8 Steps to Ensure You Accomplish Your Goals

Setting and achieving goals can be an intimidating process. When you start out on a new path, you probably have little to no experience in the field at all. It’s hard to imagine that you might one day consider yourself an expert in that area. Rather than getting overwhelmed with everything that comes with starting a new venture, take a step back, plan out your path, and take the first steps toward accomplishing your goal.

1. Start small

What saves a man is to take a step. Then another step. It is always the same step, but you have to take it. —Antoine de Saint-Exupéry, Wind, Sand and Stars

Like I said, it’s easy to get intimidated when starting something new. When I started playing guitar, I was amazed at how incredible some of my friends already were.
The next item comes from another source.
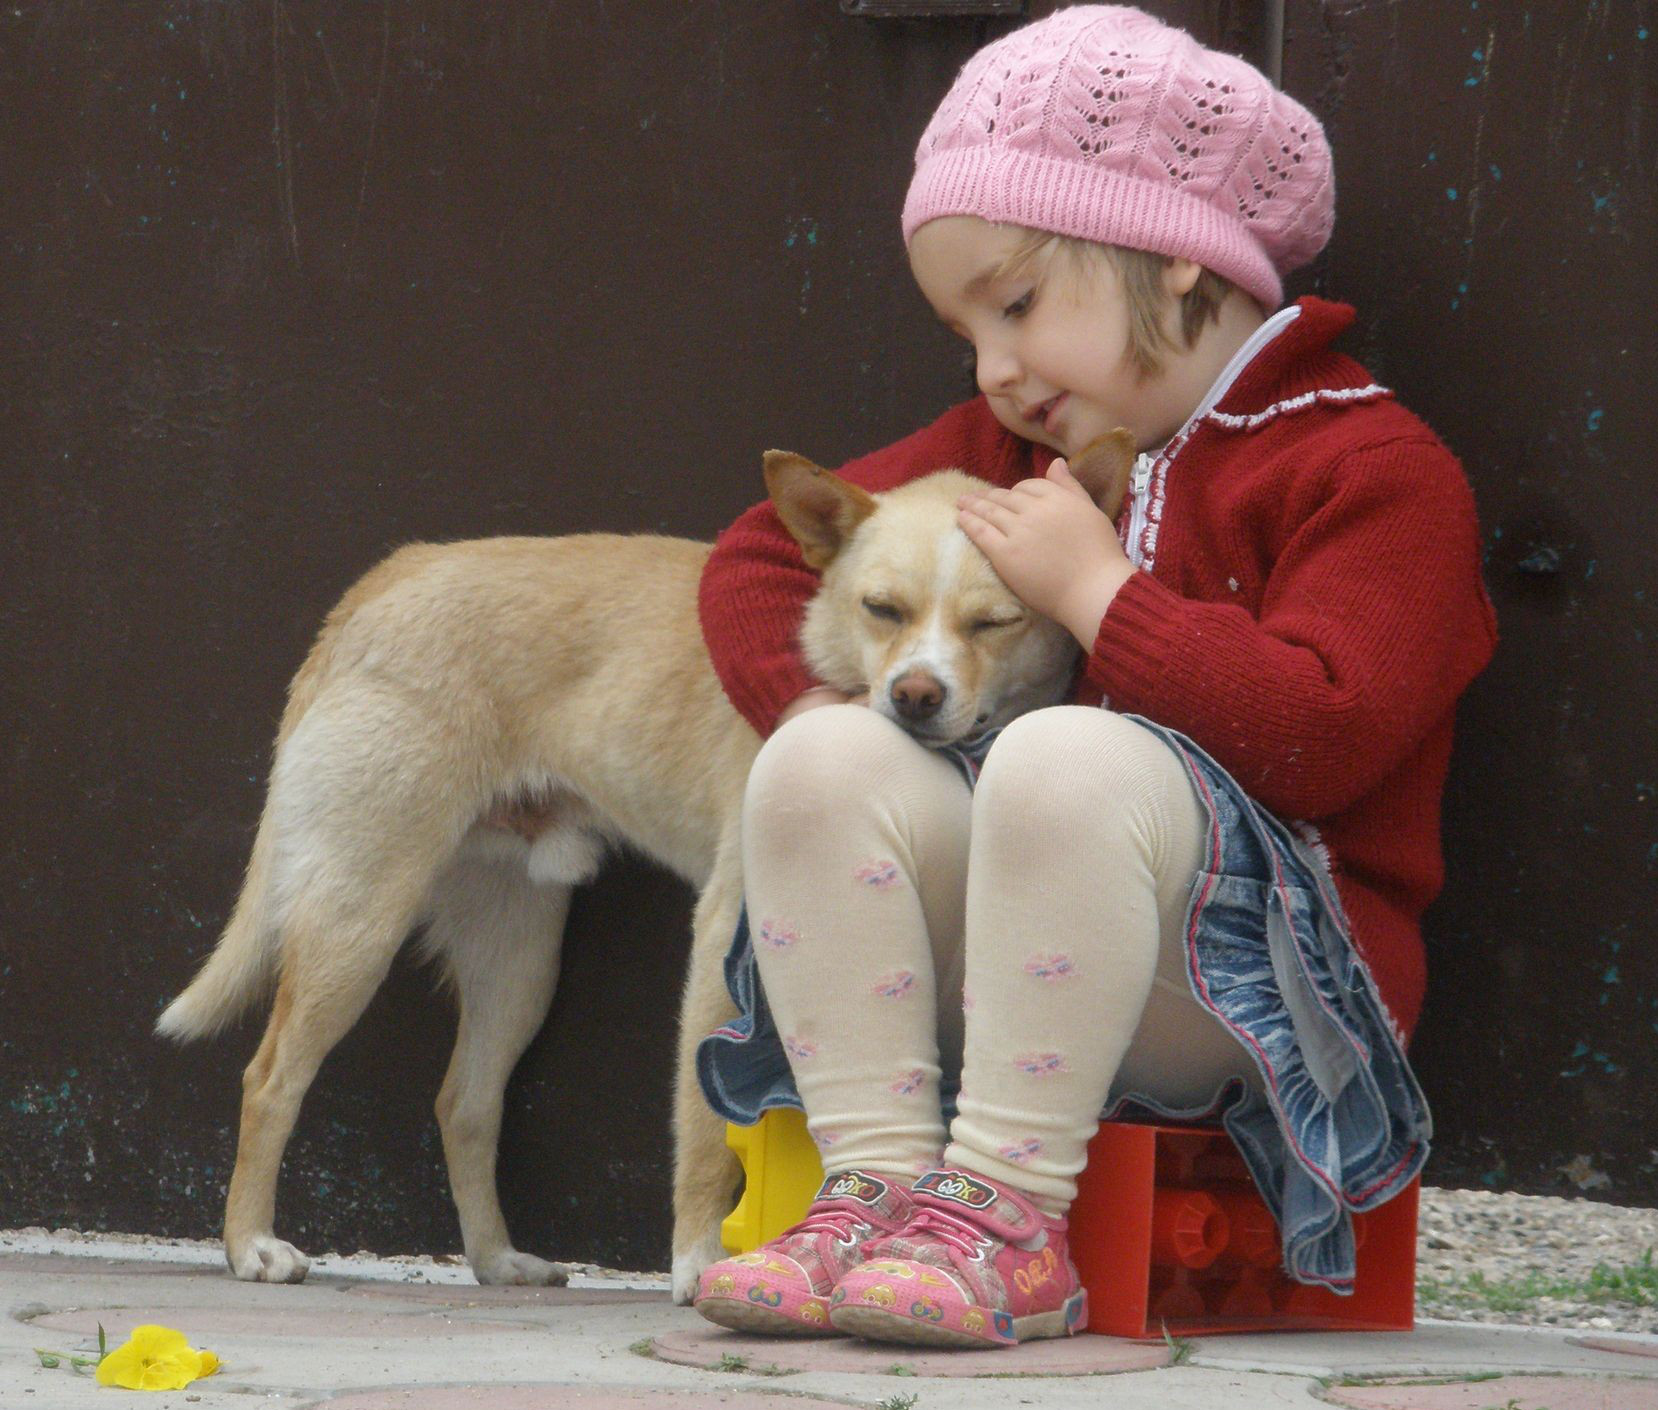 Будь милосерден и добр. Сочувствие животным. Доброта картинки. Добро к животным. Собака для детей.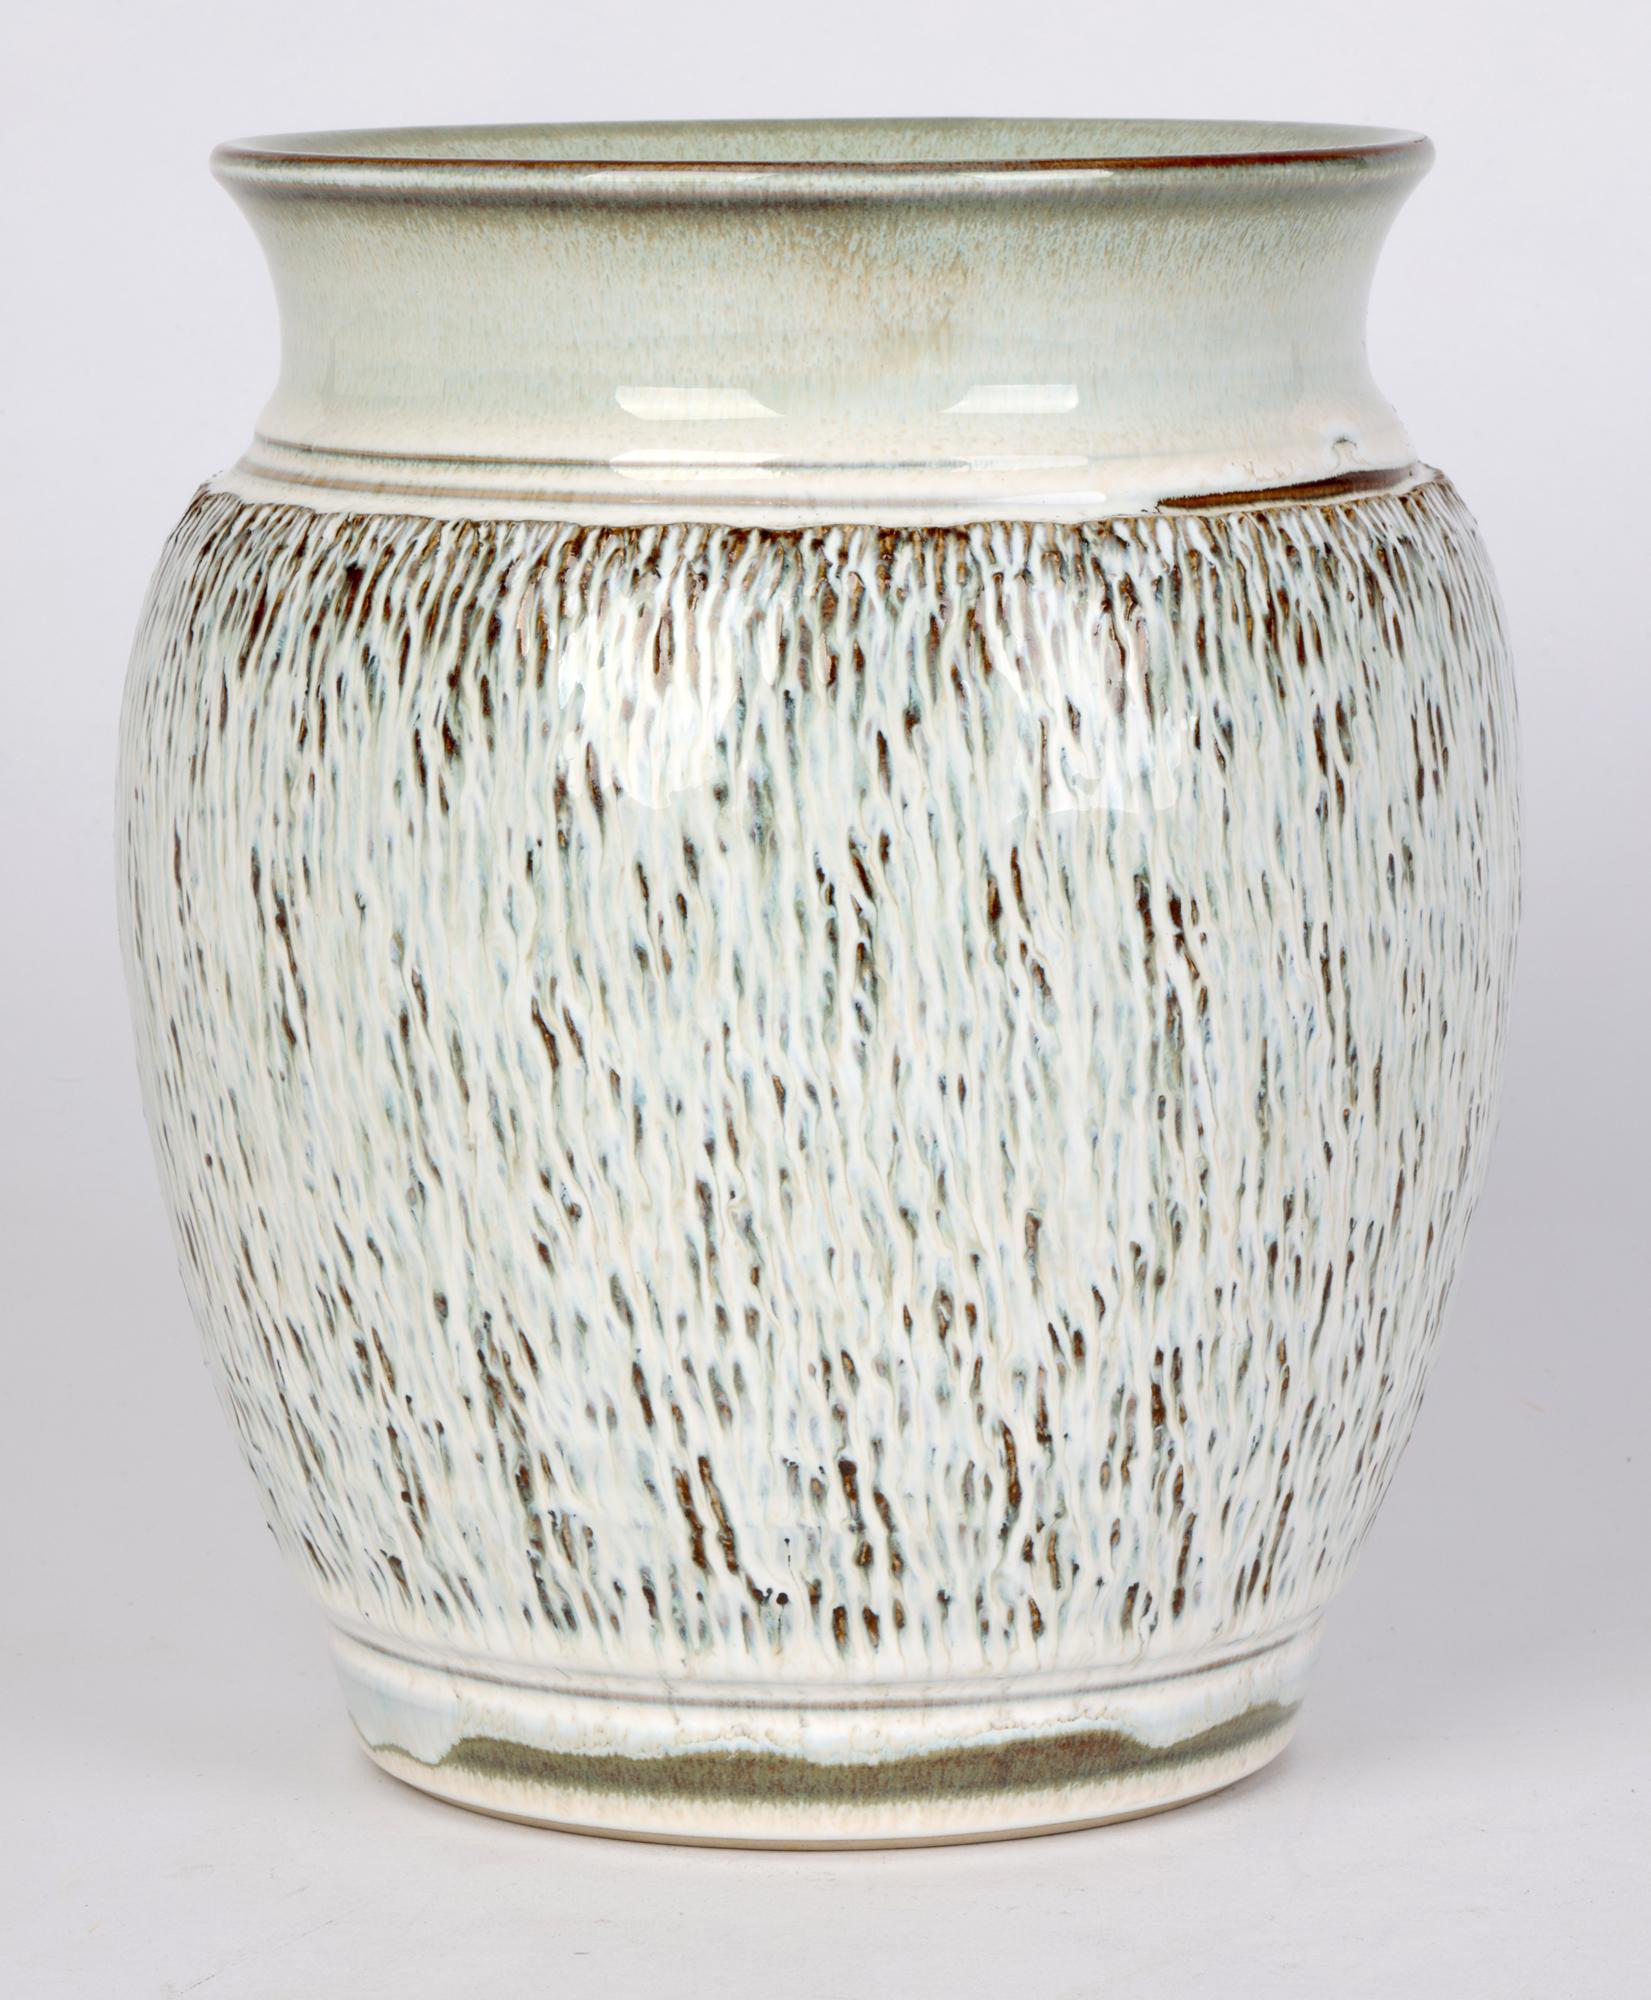 Bauhaus Inspired German Stoneware Vase   For Sale 1

Of course, they’d been playing since they were 10 years old. I couldn’t just pick up my guitar and start shredding like they were able to; I had to learn how to tune it, how to hold it, and how to play open chords before I could move on to more advanced techniques like arpeggios and diminished 7th chords. Figure out how you’re going to learn the basics before you try to try to tackle something you’re not ready for. It might be boring to start slow, but building a solid foundation will ensure future success.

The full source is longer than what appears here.